SEM micrographs obtained after aging the specimens (Figure 2) depicted little water sorption and few voids within hybrid layers created when employing the tested biomodification agents, especially with lignin. The fact that CARD decreased the µTBS values after aging might be explained by its molecular structure, which comprises solely one hydroxyl able to create hydrogen bonds. We speculate that such situation facilitated the leaching of biomodification agent from the dentin over time. However, CARD promoted a noteworthy increase in the elastic modulus of the dentin; this may be due to its linear and low-molecular-weight chemical structure (Figure 1). Furthermore, the long and hydrophobic carbon chain may guarantee collagen protection during 4-week water storage [13,17].

Regarding LIG-4%, the excess of lignin may have provided an additional cross-linking effect over time, improving the µTBS to dentin. It was previously reported that the cross-linking of a biomodification agent is dose-dependent [37], corroborating the explanation about bond strength increase with LIG4. In the negative control, the absence of a biomodification agent demonstrated rapid interfacial degradation, mostly due to MMPs and resin-sparse unprotected collagen fibrils [38], resulting in approximately 40% bond strength loss after thermocycling.

Proanthocyanidins from grape-seed extract (Vitis vinifera) are classified as condensed tannin with B-type interflavonoid links, showing effectiveness in increasing the rigidity of demineralized dentin matrix higher than further non-galloylated compounds [38,39]. Nevertheless, this type of PAC is less stable in comparison with A-type ones [40] because galloyl-bonds are prone to undergo hydrolysis at 3-O-gallate ester during aging, which might be exacerbated by oxidation reactions [40]. Indeed, this may explain the loss of activity of PAC in augmenting elastic modulus and providing mass gain, yielding intermediary release of HYP (Table 1).

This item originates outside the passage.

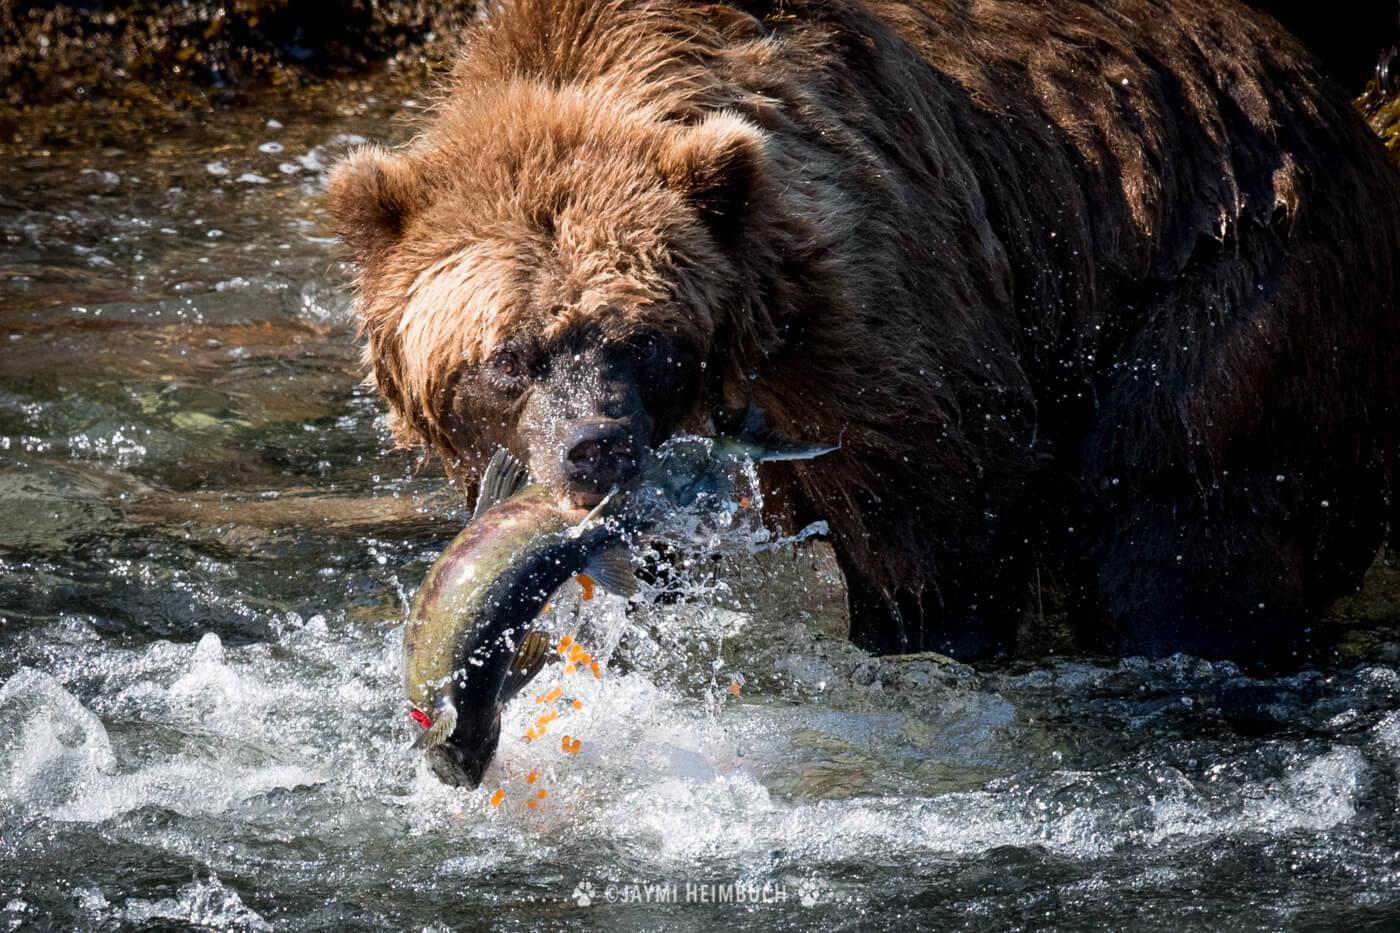 A coastal brown bear catches a gravid salmon. © Jaymi Heimbuch

Higher concentrations of lignin clearly improved the elastic modulus of dentin collagen (Table 1), probably in a similar way as it occurs in plant cell walls, where the bonding between cellulose fibers and lignin is accomplished via covalent bonds [19]. Nonetheless, lignin at 1% achieved better outcomes of mass change during water storage and the least HYP release, thereby proving the efficacy in protecting demineralized dentin from degradation. Due to its branched and amorphous chemical structure, lignin in lower concentrations might better infiltrate the three-dimensional spaces within collagen fibrils. Moreover, thanks to several aromatic rings and to intra-molecular cross-links, lignin may provide stable collagen cross-linking for protection against hydrolysis, thermocycling and MMPs-mediated degradation [41].

5. Conclusions

Lignin can cross-link and reinforce demineralized dentin collagen, improving the bond stability of composite restorations and preventing collagen degradation, particularly when applied at low (1 wt%) concentrations; such a lower concentration will not affect the degree of conversion of dental adhesive resins. Future investigations should focus on further uses of lignin in dentistry.